L’écriture inclusive, je ne la pratique pas dans un but militant : je ne cherche pas à changer la langue pour la rendre moins sexiste.
J’expérimente avec la langue pour rendre compte d’une réalité, pour traduire des idées, pour raconter des histoires.
Une langue vivante évolue à l’usage. La société française a été très sexiste, elle l’est toujours, même si le front de l’égalité avance. Mon objectif est de rendre compte de ces évolutions au mieux.
Si le débat de l’écriture inclusive se pose actuellement, c’est aussi parce que les sujets féminins sont de plus en plus présents, de plus en plus fréquents, de plus en plus visibles.
Or, ces sujets restent moins visibles dans la langue, ce qui crée un décalage surprenant. Prenez par exemple le titre de cet article, publié sur L’Obs:
« Tous » est la forme plurielle neutre… sauf que l’article parle essentiellement de femmes victimes. Des hommes aussi peuvent être victimes, grammaticalement, on le comprend.
Ce qu’on ne comprend pas, en revanche, à la lecture de ce titre, c’est que le problème touche essentiellement des femmes.
Ce facteur est pourtant loin d’être un détail…
Leçon n°4 : j’écris pour vous faire réfléchir
Corollaire de la leçon précédente, ma pratique de l’écriture inclusive me sert aussi à transmettre ces interrogations, ces réflexions à celles et ceux qui me lisent.
C’est dans ce cadre par exemple que je vais utiliser le fameux point médian : • (on peut utiliser aussi le point milieu, plus discret : ·).
Si j’écris « les chefs d’entreprise se sont réunis pour une concertation », vous imaginez des hommes. En costume-cravate.
Appliquer l’accord de majorité dans ce cas ne permet pas de déconstruire les stéréotypes bien ancrés dans nos esprits. J’écrirai toujours les chefs d’entreprise au masculin, les maquilleuses, les infirmières, les chirurgiens…
C’est dans ces cas que j’ai recours au point médian : oui, c’est pour « perturber » la lecture. Parce que si vous voyez écrit « les chef•fes d’entreprise se sont réuni•es », vous imaginez des hommes ET des femmes.
Si j’écris « des victimes se sont manifesté•es », alors que « victime » est un nom féminin, vous prenez conscience que des hommes ET des femmes ont été touchées.
Mon utilisation du point médian ne consiste pas à faire disparaître les marqueurs du genre dans la langue, mais simplement à perturber la lecture stéréotypée que nous pouvons avoir du monde qui nous entoure.
Peut-être qu’à l’avenir, notre société sera débarrassée des questions de genre, lorsque l’égalité entre les femmes et les hommes sera devenue une réalité, lorsque les personnes non binaires ne seront plus des curiosités.
Alors, dans ce cadre, il n’y aura plus de sens à ajouter un marqueur de genre aux qualificatifs de « victime », par exemple.
On ne précise pas la couleur de cheveux des gens, peut-être qu’un jour le genre sera aussi neutre dans la société que la couleur des cheveux (c’est pas gagné, vu la focalisation qu’on maintient encore et toujours sur la couleur de peau, par exemple).
Leçon n°5 : ne pas en faire une question de principe
Si vous remontez dans les archives de madmoiZelle (tout est en ligne), vous trouverez sans doute des formes d’écriture épicène que je trouve moi-même barbares.
Des parenthèses, des slashs, des tirets, des points médians à répétition.
Ça donne des « tou•t•e•s mes ami•e•s sont allé•e•s déclarer leur amour à leur conjoint•e•s, lesquel•les ont été très réceptif•ves à ces sentiments ». C’est TRÈS lourd, je suis d’accord.
Certes, ma phrase est totalement inclusive du point de vue du genre.
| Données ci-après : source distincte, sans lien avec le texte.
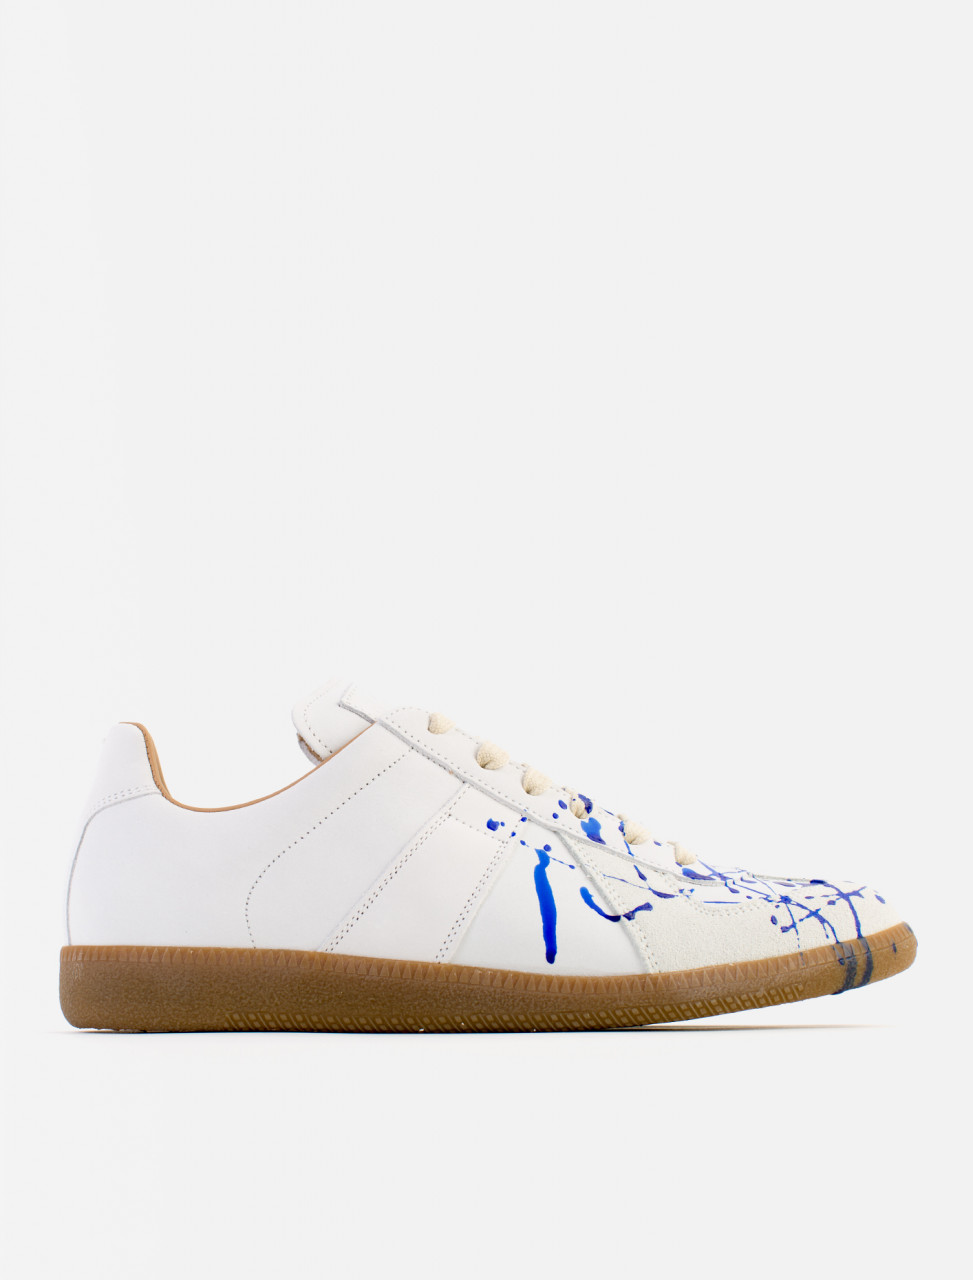 Replica Paint Drops Sneaker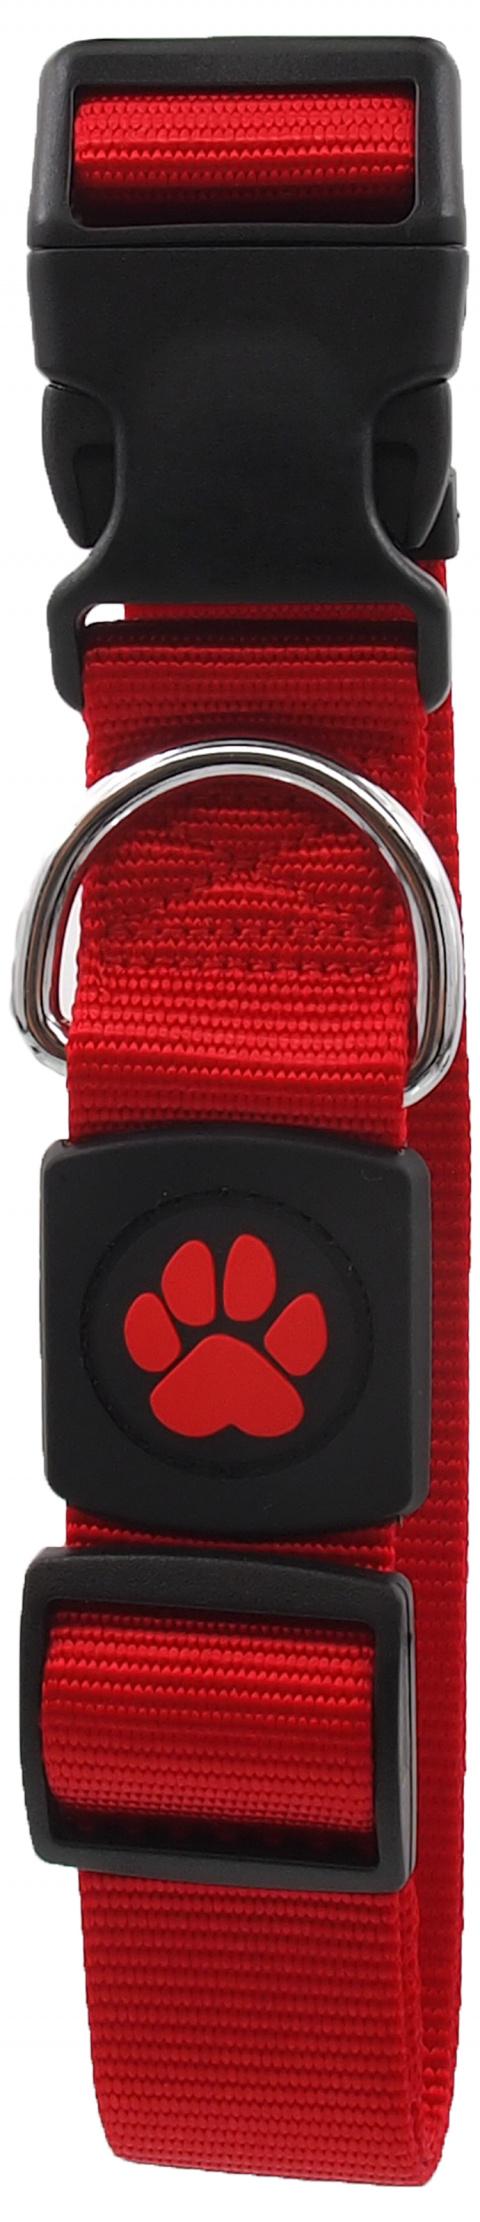 Obojek Active Dog Premium XL červený 3,8x51-78cm title=

Mais j’ai sans doute perdu une partie de mon lectorat à cette phrase.
Or, quelle est ma mission ? Je n’écris pas pour défendre mes principes, j’écris pour faire passer des idées.
Si ma mise en pratique de l’écriture inclusive me coupe d’une partie de mon lectorat parce que j’ai trop déstructuré la langue, si je complique trop la lecture, je ne suis plus en train de faire réfléchir : je suis en train d’exclure.
C’est pourquoi je ne mets pas de point médian dans les titres, par exemple : tous les gens qui n’en ont jamais vu risquent de focaliser leur attention sur ce caractère, plutôt que sur ce que dit le titre de mon article.
Si je cherche à faire réfléchir mes lecteurs et mes lectrices, mais que je me coupe d’une partie d’entre elles dès le titre, je faillis à ma mission.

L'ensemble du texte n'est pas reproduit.